Sunday, February 18, 2018
Silencing Fear and Doubt
I enjoyed very little hiking during the six years I lived in the New York City Borough of Queens. The time and tolls it took to get out of the city to a trail head were prohibitive. Instead of hiking, I drove the toll-free forty five minutes to Jamaica Bay Wildlife Refuge where I paddled my sea kayak or sailed my twenty-four foot sailboat, but I missed hiking in the wilderness.
When I left New York City and returned to West Virginia, I left my kayak, sail boat, and most of my outdoor gear behind. How could I go hiking? Making a bee line to the nearest REI to buy the ten essentials was easy. Overcoming the excuse of feeling I had lost my trail legs and allowed my wilderness hiking skills to atrophy were harder to overcome.
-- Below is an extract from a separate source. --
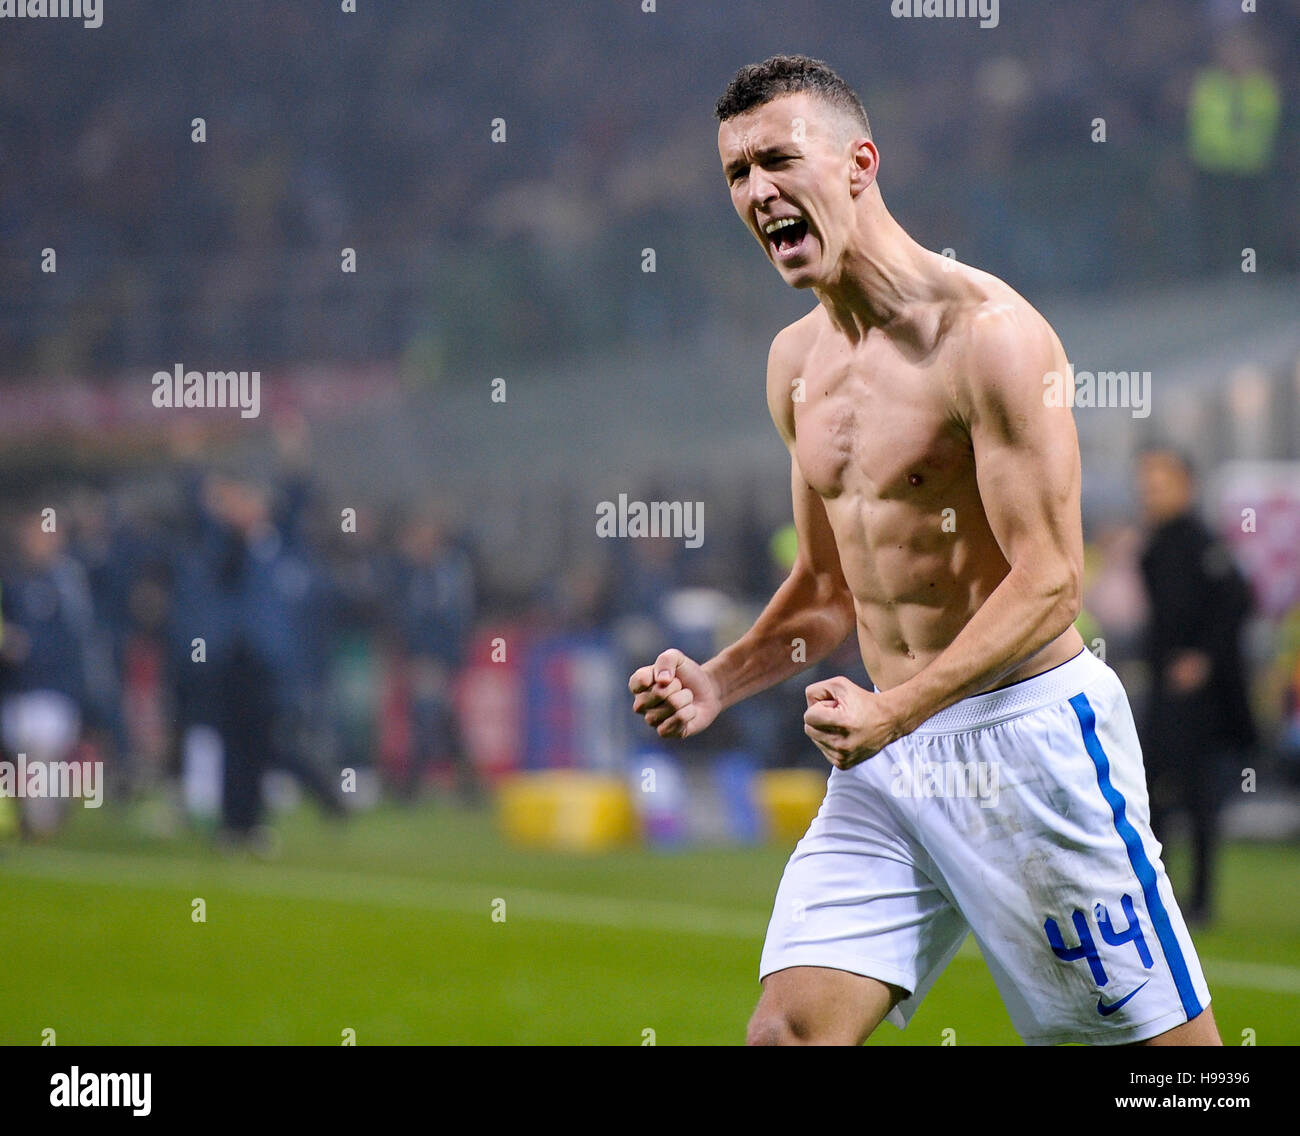 Milan, Italy. 20 november: Ivan Perisic of FC Internazionale celebrates after scoring a goal during the Serie A football match between AC Milan and FC Internazionale. Stock Photo

During a mid-November stay at a cabin in West Virginia’s high alpine Canaan Valley, with the Dolly Sods Wilderness minutes away, I knew I had the minimum gear I needed for a day hike in the Sods; however, I still had some fear and doubt about my abilities. I was in my mid-fifties, over weight, and out of shape. Even though I had previously hiked and/or backpacked every trail in Dolly Sods, I wasn’t feeling comfortable about the prospect of undertaking a solo six to seven mile day hike when daytime temperatures were predicted to stay below freezing, and there was an inch or two of freshly fallen snow on the ground.
The Dolly Sods Wilderness can be unforgiving, especially from late fall into early spring. The area is prone to wild weather fluctuations and high winds. Nevertheless, I decided to confront my doubts and fears and to go hiking. I drove to the Laneville Cabin trail head at the southern end of Red Creek Trail and set out with the intention of making it to the top of Lion’s Head.
Route finding along Red Creek Trail was easier than expected. I safely crossed Red Creek to access Big Stonecoal Trail. Employing the mountaineer’s rest step, I managed to ascend the steep climb without suffering a heart attack. I even enjoyed the sound of waterfalls cascading over the rocky ledges on nearby Stonecoal Creek as I hiked. Finding the side trail leading from the Rocky Point Trail to the top of Lion’s Head, I finally arrived at my destination, enjoyed the tremendous view, and reveled in the accomplishment. Then I headed back to the car, following the same route I had taken up.
By the time I returned to the car, I wondered why I had ever doubted my ability to safely enjoy a solo Hike in the Dolly Sods wilderness in sub-freezing temperatures on freshly snow covered trails. I was glad I had silenced and overcome the fear and doubt that almost prevented me from enjoying this wilderness adventure. Through that single day hike, I rediscovered and reclaimed my trail legs.